For his part, Robbins interviewed his father, learning for the first time about the ruse and bribe that enabled Harry to steal out of Rozhanka at age fifteen on an “underground railway,” as Robbins likened it. Harry traveled by foot with a deserting Russian soldier, all the way to Amsterdam. Robbins was moved by the rare opportunity to “feel my father’s feelings so strongly.” He asked Harry, too, to explain how and why he had discarded Orthodox practice. Answer: his recognizing how his relatives and other Jews engaged in “juggling and bending” the religious laws to accommodate the demands of American business and culture. Robbins also pondered his maternal grandmother, who had come to live with his family when Robbins was an adolescent, “a wonderful tiny, amazingly wrinkled little woman” who “never lit a stove or turned on electricity after sundown on Sabbath eve; kept separate dishes for dairy & meat foods; attended shul religiously & was always reading the Talmud.” He could still picture how beautiful she looked on Sabbath evenings in her dark velvet dress with a tiny handmade lace collar, lighting the candles and reciting the blessing. As a child, he was “both awed and scornful of her ritual gestures.” He “‘despised’ her Jewish backward ways,” which he could not ask her about, even if he’d wanted to: she spoke only Yiddish. Some thirty years later, he was finally allowing himself to make sense of this heritage that had been “laid open for me and more gently than i ever realized, i absorbed it, drank it in and let it sink to a place deep within me, quietly building up a rich & glorious storehouse of cherished sacred and touching knowledge—all stored away—deep & away.” Now he was not only opening the vault but spelunking into its many caverns, hauling up one treasure after another to enliven the world of the play, in order to make it specific. And true. The more he delved, the more he pressed the writers to toughen and tighten the script.

*   *   *

The version Robbins first read had come a long way since the initial draft, with its stagnating action and some sections sticky as damp sugar. In response to Bock’s and Harnick’s notes, Stein had restored the ironic confusion in the meeting between Tevye and Lazar with a light, humorous hand and, in place of a series of escalating insults between them that had ended the scene before, the men now concluded with a happy toast “To life!”—and broke into song. In this draft, Perchik was charmingly introducing the subject of marriage to Hodel as a “political question,” and in general humor was emerging more out of character than from set-up jokes. A scene in which Tevye goes to the local priest to demand his daughter Chava be returned to the family ends with him reeling away, rebuffed. Following Sholem-Aleichem, Tevye wonders in a troubled monologue, here set to music, why God bothered to make different kinds of people: “Forgive me for asking / But why did you choose / to make of your children / both Gentiles and Jews? / These questions, almighty God / I hope you’ll excuse / But I had a daughter / Too precious to lose.” The action finds a spot of uplift when Motel acquires a sewing machine at last and sings it a love song, but then the constable delivers a new, irrevocable blow: eviction. In acquiescing to the decree, Tevye stands up to its minion (and plays to the house): “We are not strong, we have no power in the government. But we have a special talent to survive. We are a peaceful people, we do not win great wars, but we survive—we flourish and survive!” Then Chava joins the family, pledging to emigrate with them no matter what her husband decides. (He shows up and, after a tense silence, Tevye tells him to help with the packing.)
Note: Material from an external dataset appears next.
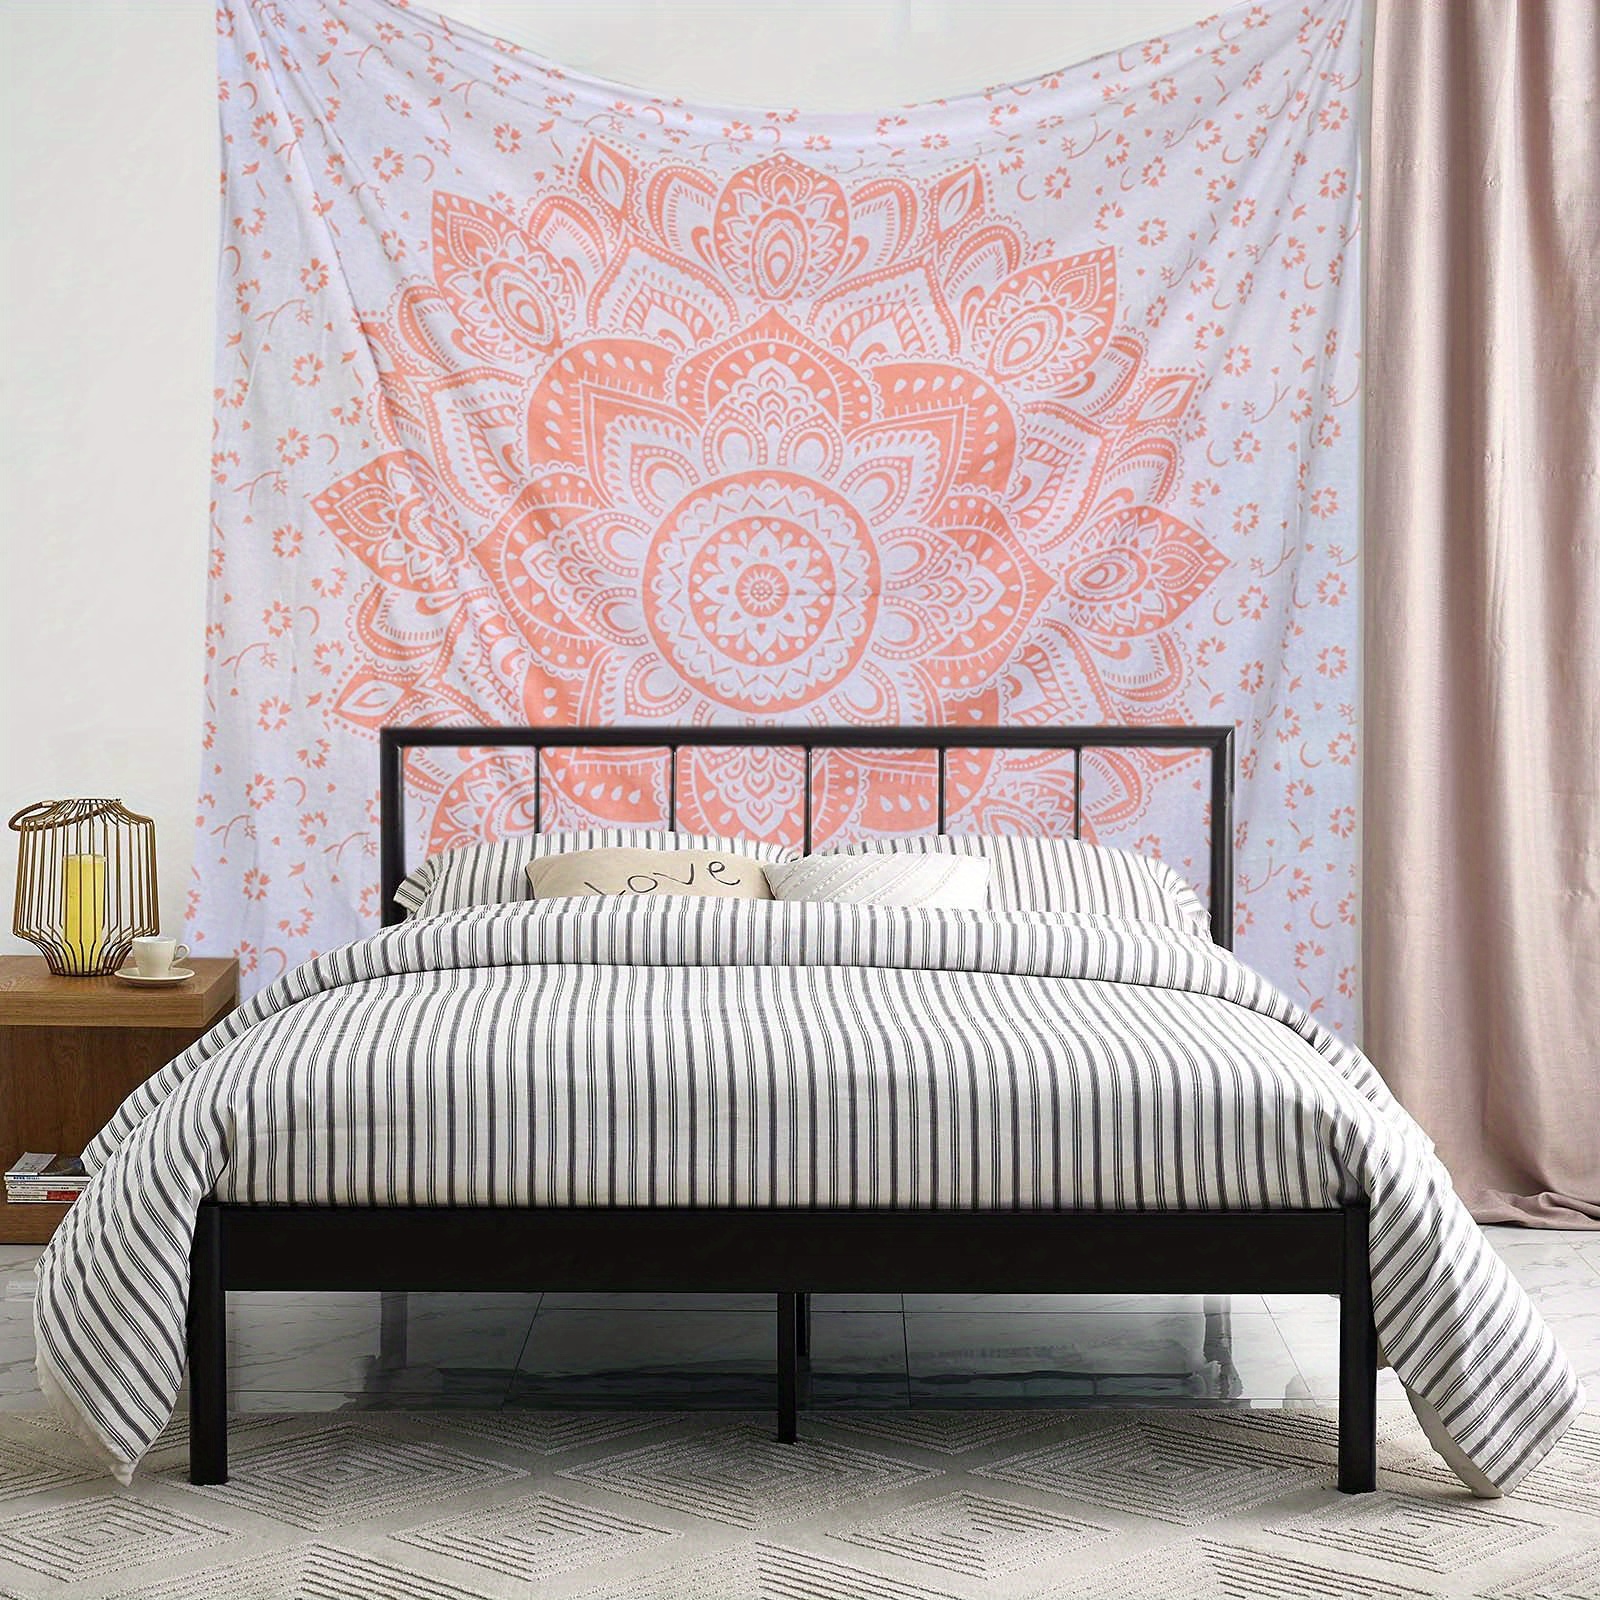 Wall Tapestry for Bedroom Aesthetic Tapestry Hippie Boho Tapestry Indie  Tapestry Bohemian Mandala Tapestry Trippy Large Tapestry Wall Hanging -  Black

In addition to “Sabbath Prayer,” “Sunrise, Sunset,” and “Tevye’s Dream,” Bock and Harnick had already written a touching musical plea from Tzeitel begging not to have to marry the butcher, “Poppa Help Me,” and a “Letter to America” in which the community, led by Tevye, responds to mail from relatives overseas by singing of their love of Anatevka, asking, “Who needs America? / Who needs a new community / changing our ways to I don’t know what? / Maybe there’s opportunity / Maybe I’d like America, but…”

All of these developments gave the show more dramatic tension and shape. Stein was fattening the characters and the songs were advancing action or thickening context.